A partial copy is required: transcribe exactly the lines from the one containing "Touchstone FEARLESS Hidden" through the last line below, without any pictures.

▶ **Exercise data**:
=======
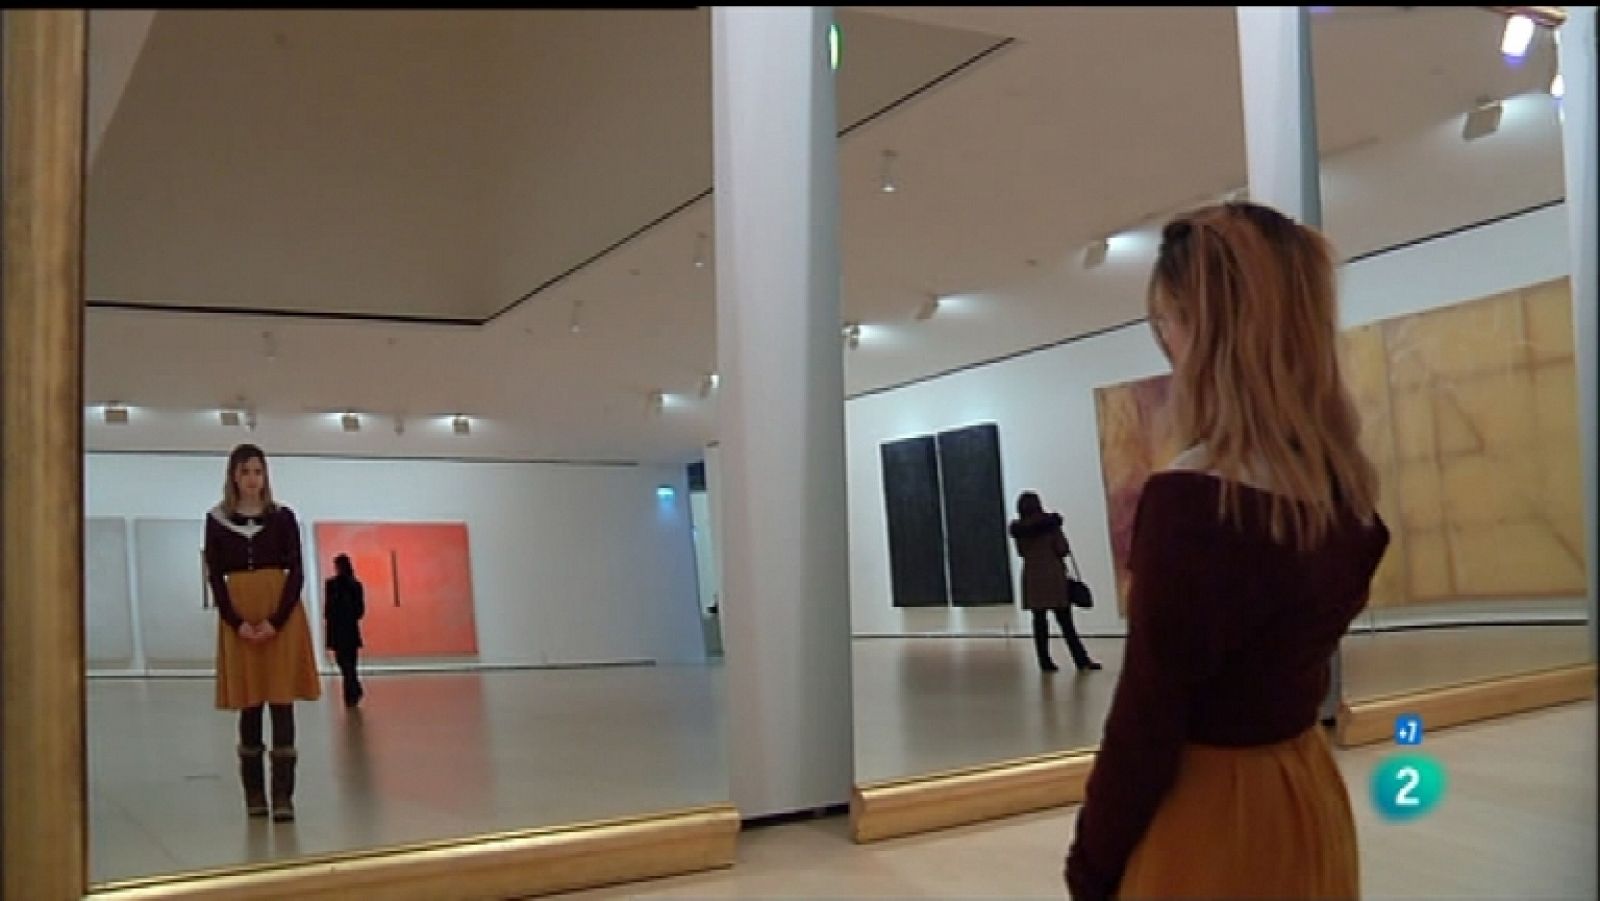 La sala - Guggenheim - El espejo invertido
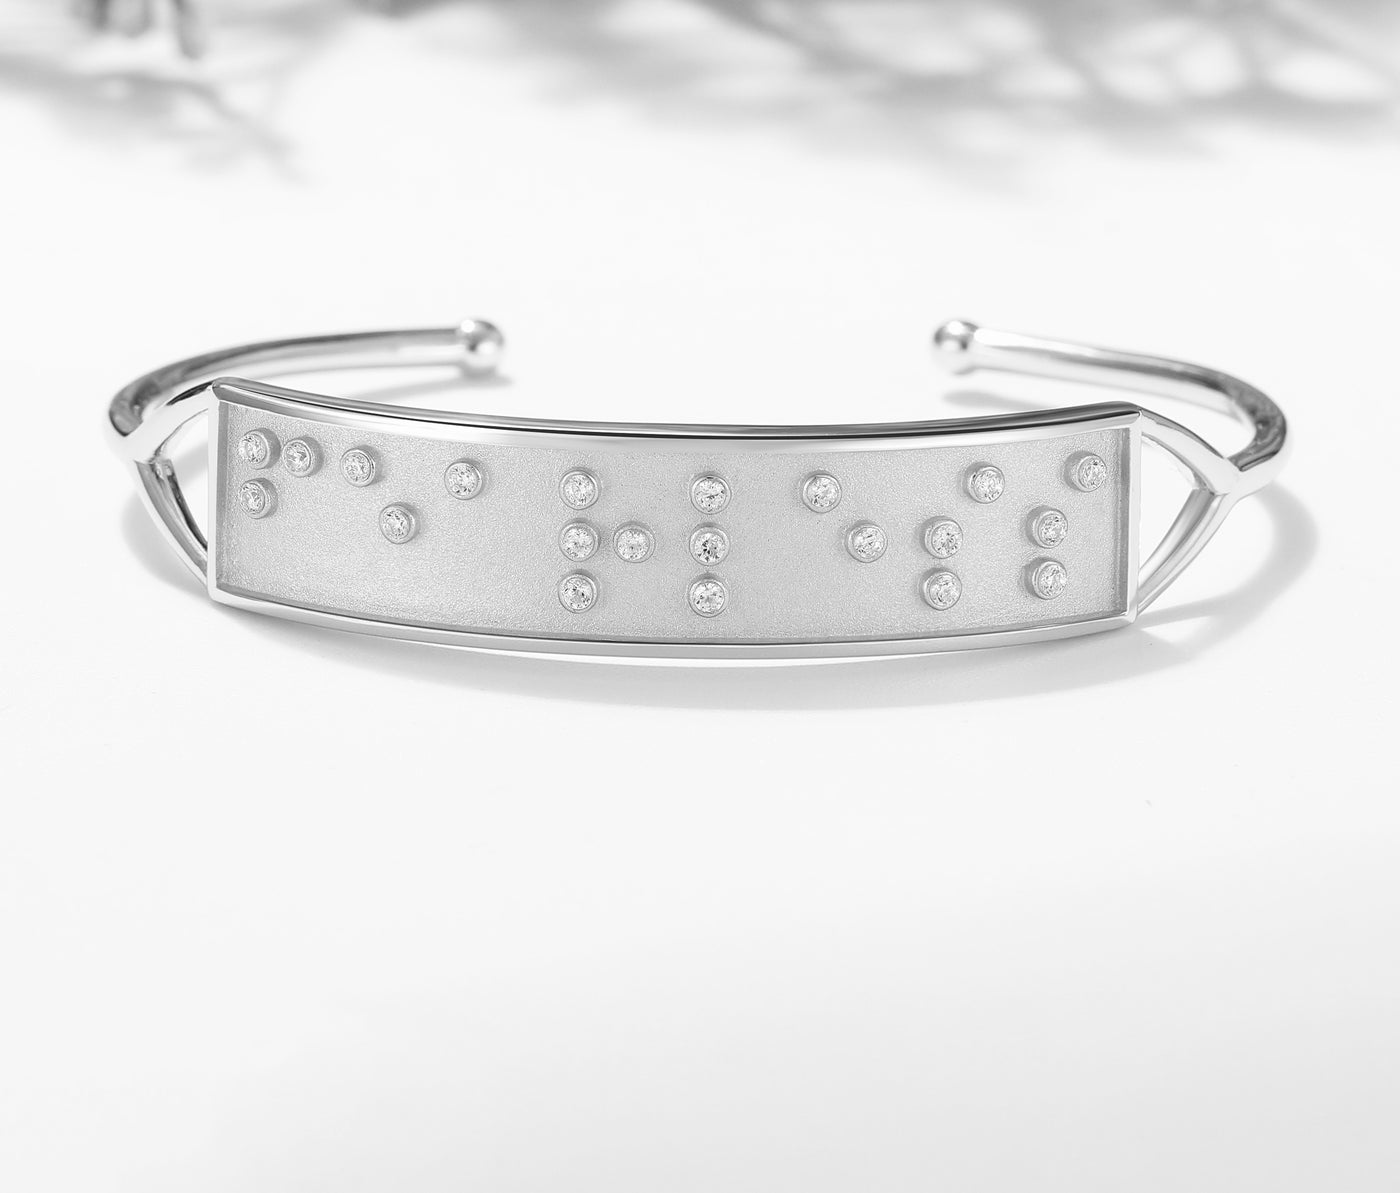 Touchstone FEARLESS Hidden Messages Braille Inspired Silver Cuff Bracelet
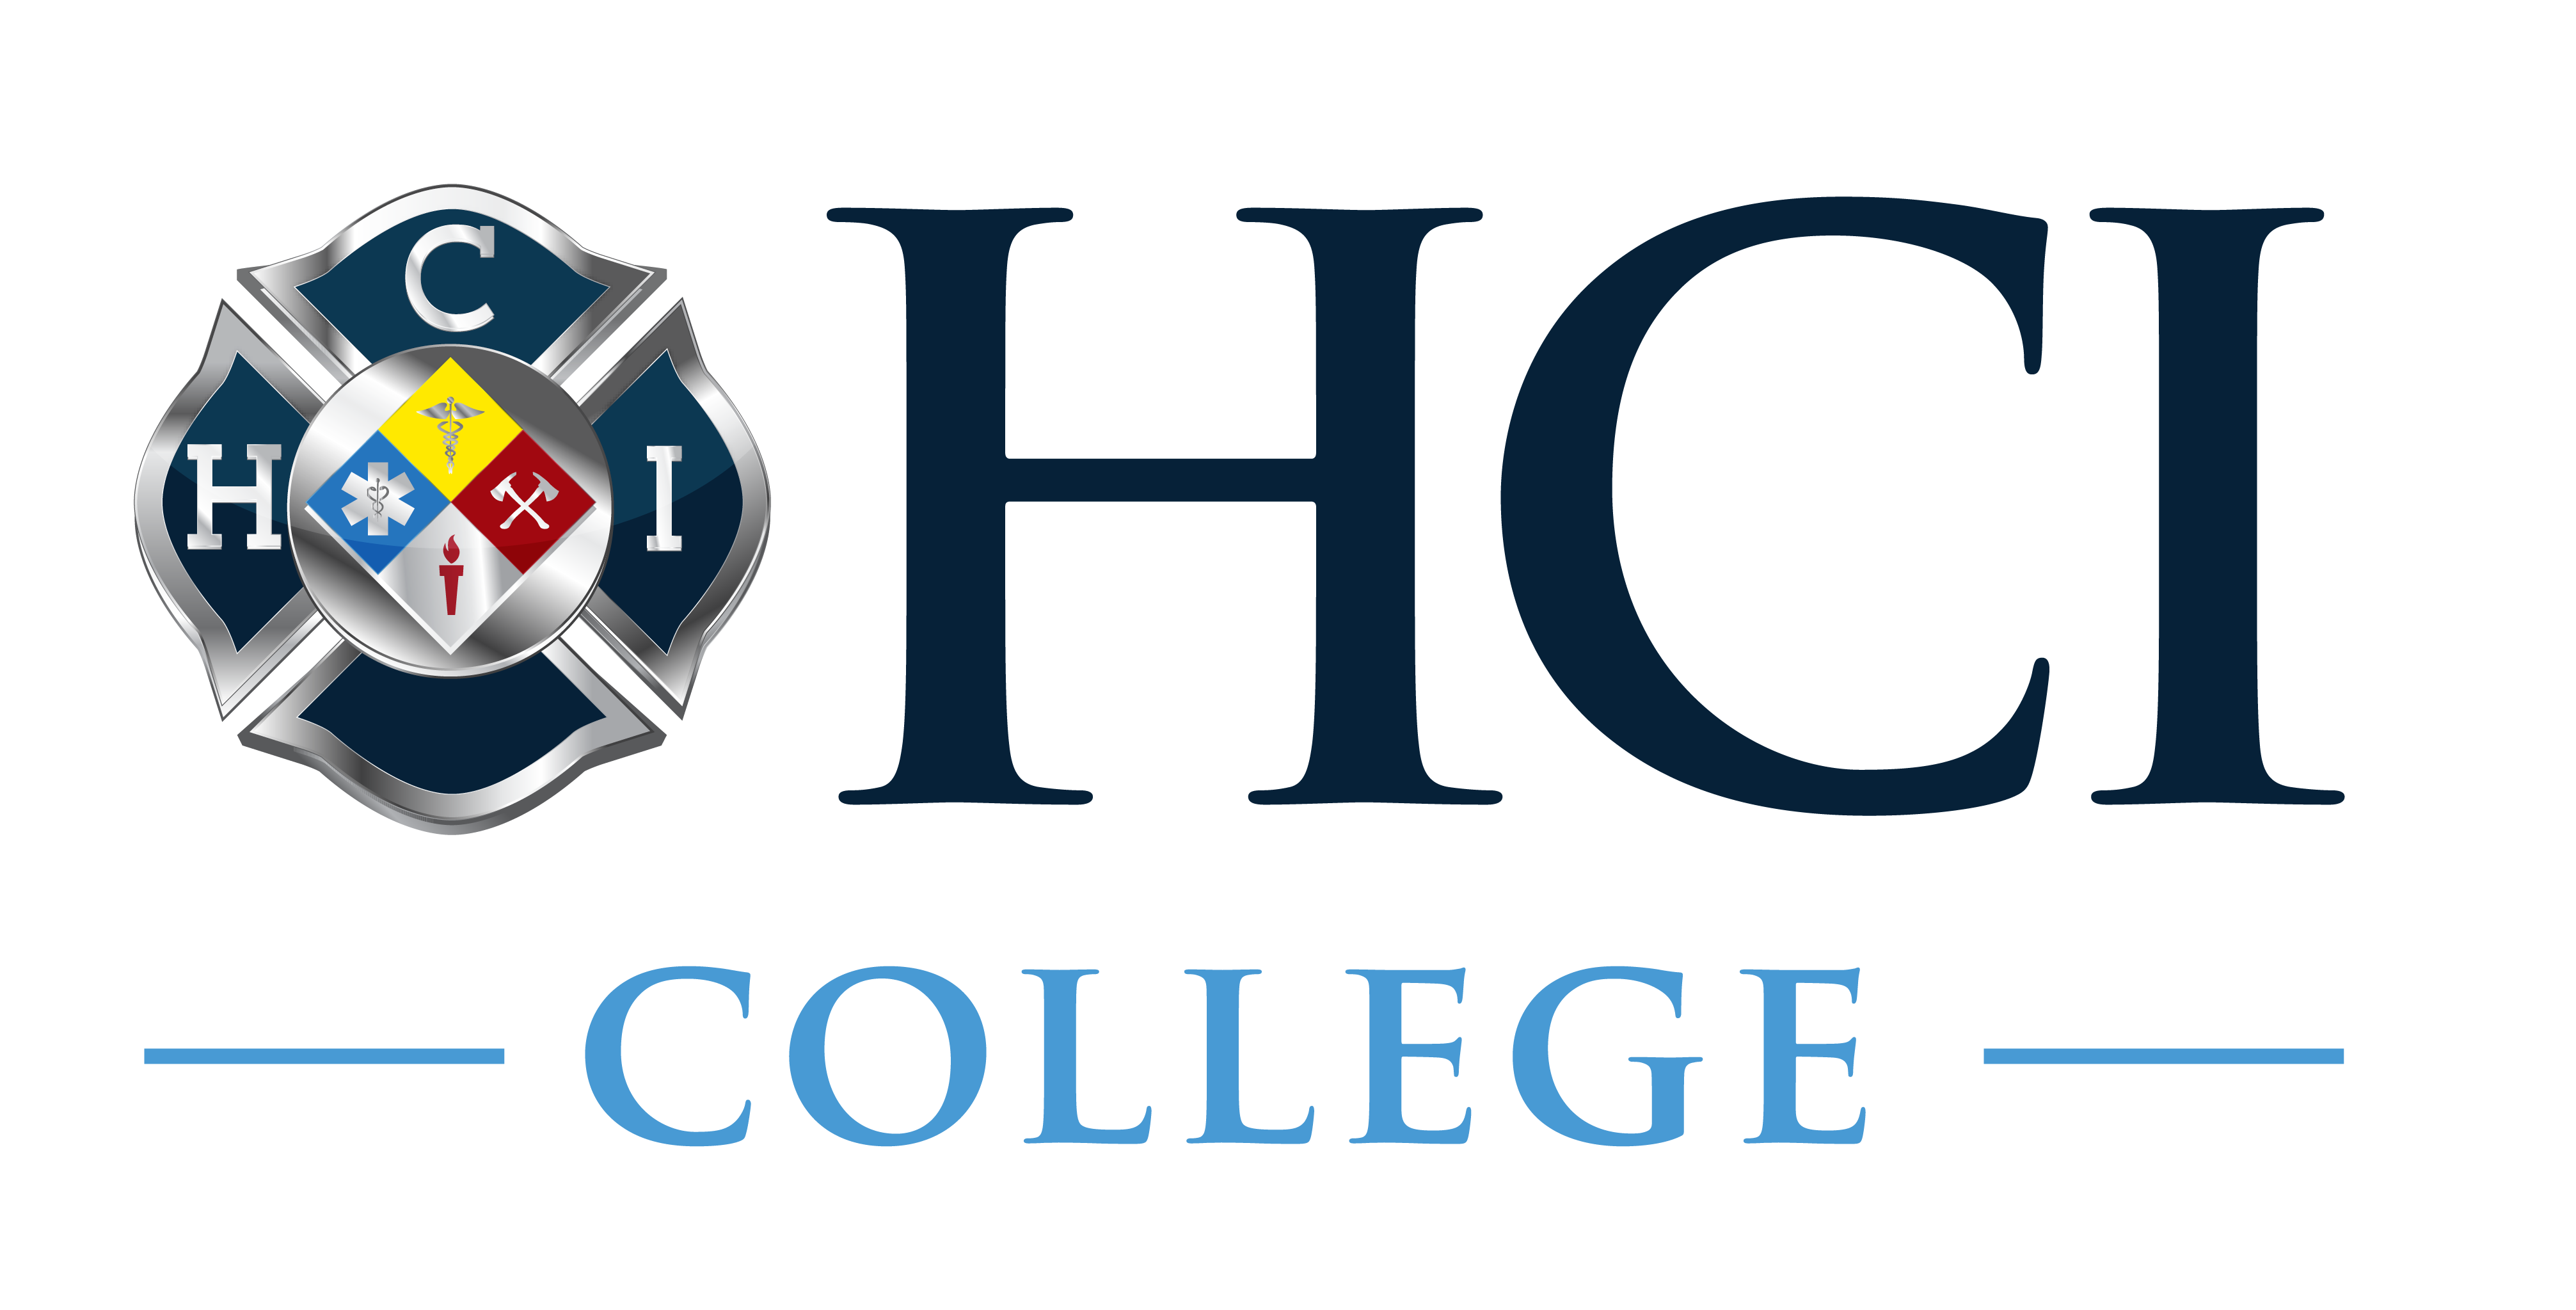 Hci са. HCI. HCI картинка. Gifu College logo. Celt Colleges logo.
=======
▶ **Written answer**:
 Touchstone FEARLESS Hidden Messages Braille Inspired Silver Cuff Bracelet
 Hci са. HCI. HCI картинка. Gifu College logo. Celt Colleges logo.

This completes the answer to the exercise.